▸ **Directions for this task**
From the line that contains "MAPP 3D system design and prediction tool" through the line that contains "Ball shaped yews", output every line of the listing below exactly and leave out all the rest.
START Information supplied
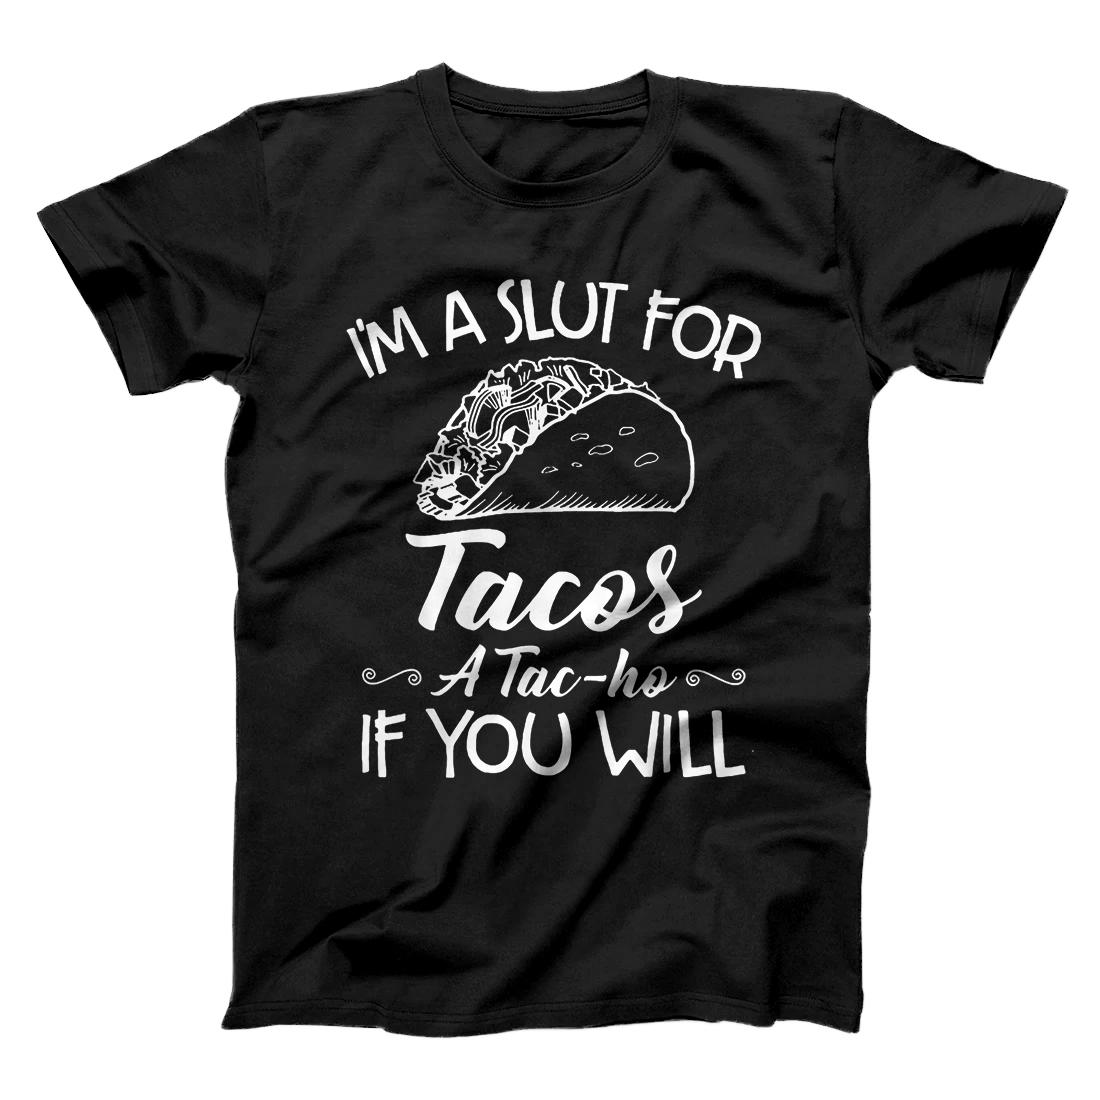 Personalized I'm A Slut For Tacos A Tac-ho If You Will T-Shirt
END Information supplied
START Information supplied
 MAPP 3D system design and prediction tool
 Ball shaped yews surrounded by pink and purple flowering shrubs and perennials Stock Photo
END Information supplied
START Information supplied
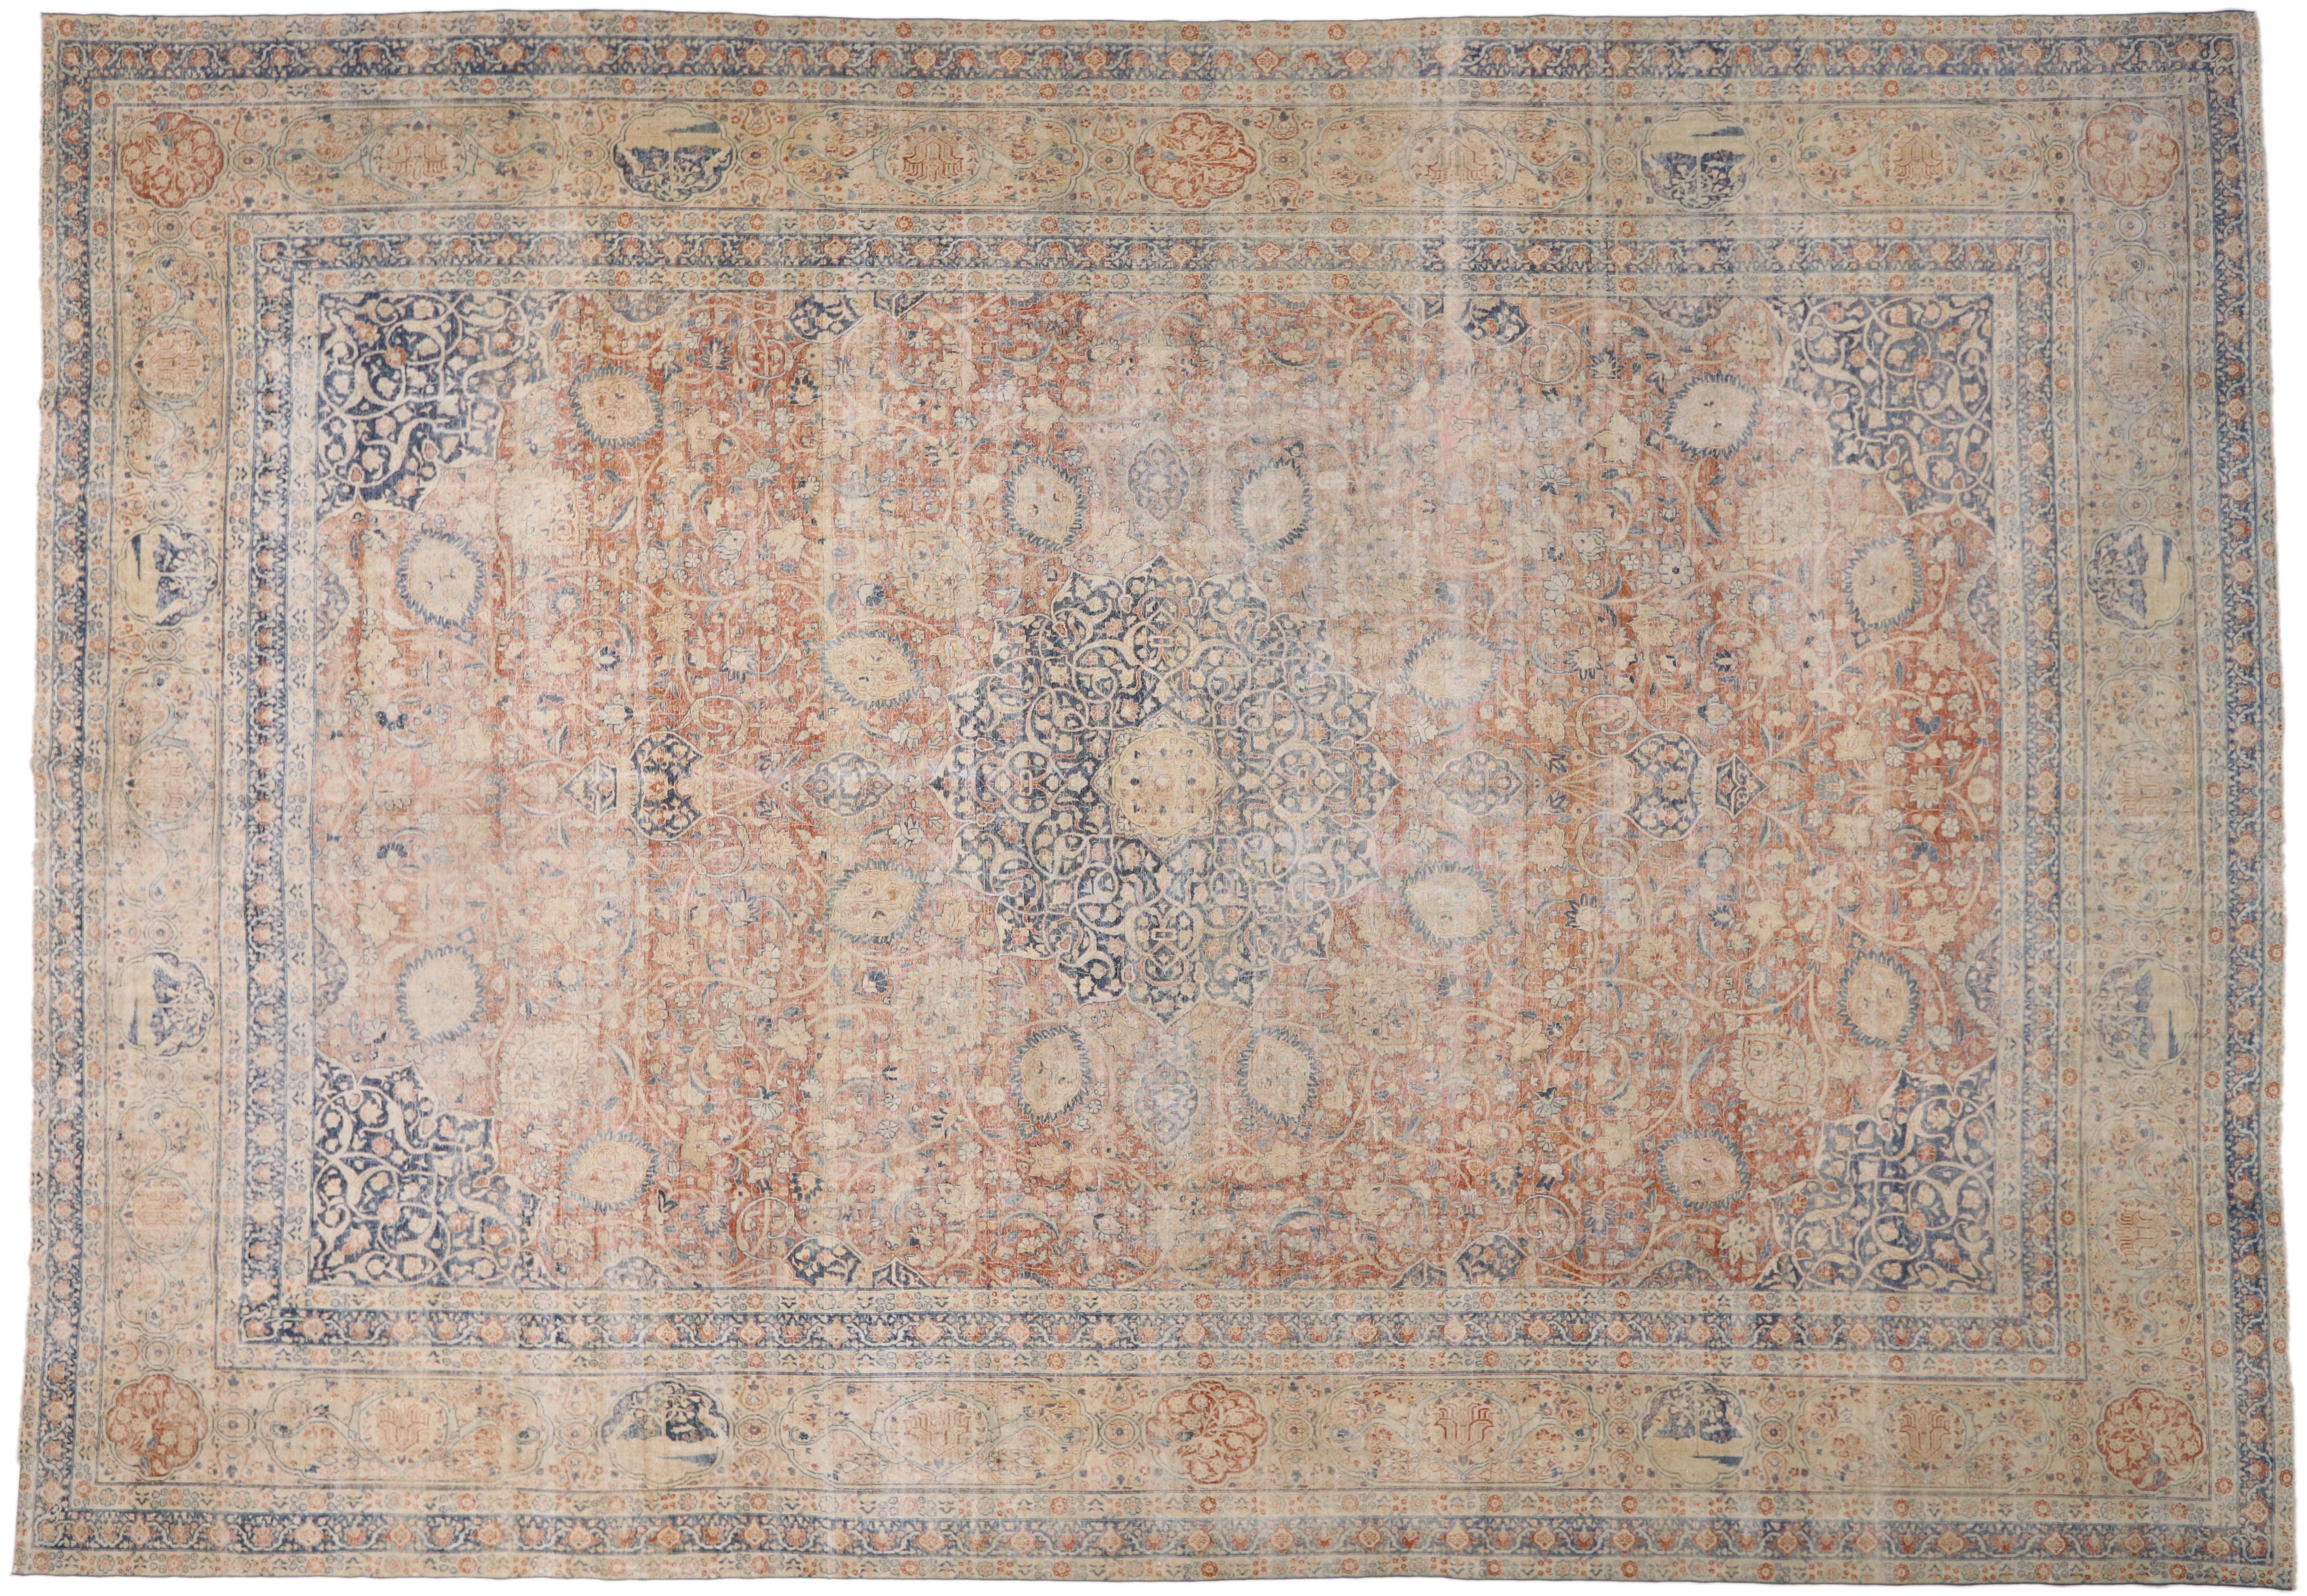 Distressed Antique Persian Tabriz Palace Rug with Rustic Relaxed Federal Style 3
END Information supplied
▸ **Task result**
 MAPP 3D system design and prediction tool
 Ball shaped yews surrounded by pink and purple flowering shrubs and perennials Stock Photo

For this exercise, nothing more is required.